Step 1: The equation \( 3x + y + 15 = 0 \) represents a straight line. Let us first rewrite it in the standard form of a line: \[ y = -3x - 15 \] Step 2: The equation \( 3x^2 + 12xy - 13y^2 = 0 \) represents a pair of lines, which can be factored to find the lines formed.

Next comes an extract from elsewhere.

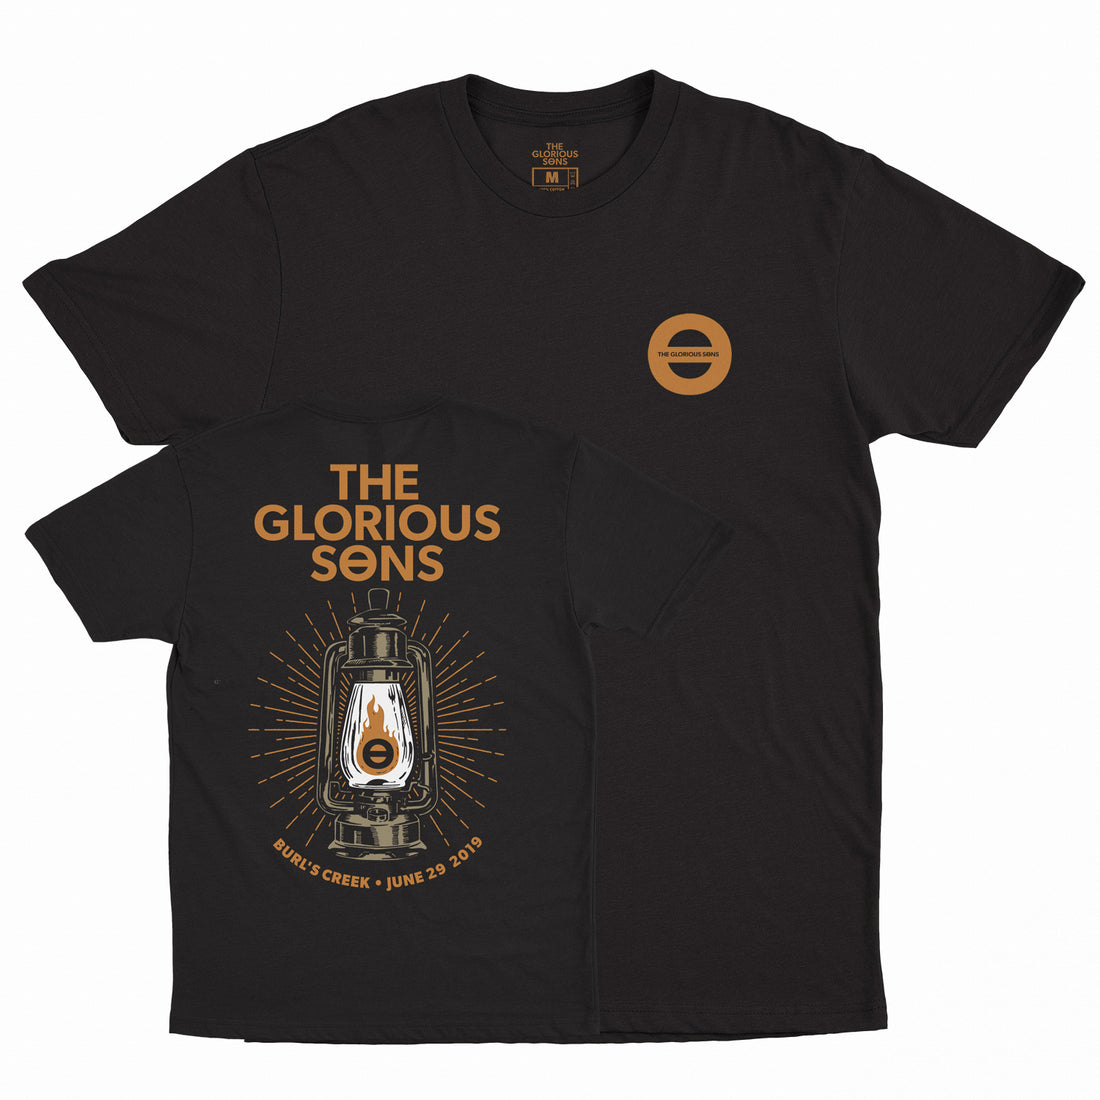 The Glorious Sons - Burl's Creek - Exclusive Festival Tee

To factor the equation: \[ 3x^2 + 12xy - 13y^2 = 0 \] We can factor it as: \[ y(3x + 13y) = 0 \] So, the two lines represented by this equation are: 1. \( y = 0 \) 2. \( 3x + 13y = 0 \), or \( y = -\frac{3}{13}x \) 
Step 3: We now have the three lines:
1. \( 3x + y + 15 = 0 \)
2. \( y = 0 \)
3. \( y = -\frac{3}{13}x \)
Step 4: To find the area of the triangle formed by these lines, we can use the formula for the area of a triangle with three vertices \( (x_1, y_1), (x_2, y_2), (x_3, y_3) \) as: \[ {Area} = \frac{1}{2} \left| x_1(y_2 - y_3) + x_2(y_3 - y_1) + x_3(y_1 - y_2) \right| \] The points of intersection of these lines give the vertices of the triangle.
- The intersection of \( y = 0 \) and \( 3x + y + 15 = 0 \) gives the point \( (-5, 0) \).
- The intersection of \( y = 0 \) and \( y = -\frac{3}{13}x \) gives the point \( (0, 0) \).
- The intersection of \( 3x + y + 15 = 0 \) and \( y = -\frac{3}{13}x \) gives the point \( \left( -\frac{65}{13}, -\frac{3}{13} \times -\frac{65}{13} \right) \), or \( \left( -5, 15 \right) \).
Step 5: The area of the triangle is given by the formula: \[ {Area} = \frac{1}{2} \left| -5(0 - 15) + 0(15 - 0) + (-5)(0 - 0) \right| = \frac{1}{2} \left| -5(-15) \right| = \frac{1}{2} \times 75 = \frac{15 \sqrt{3}}{2} \] Thus, the area of the triangle formed by the lines is \( \frac{15 \sqrt{3}}{2} \).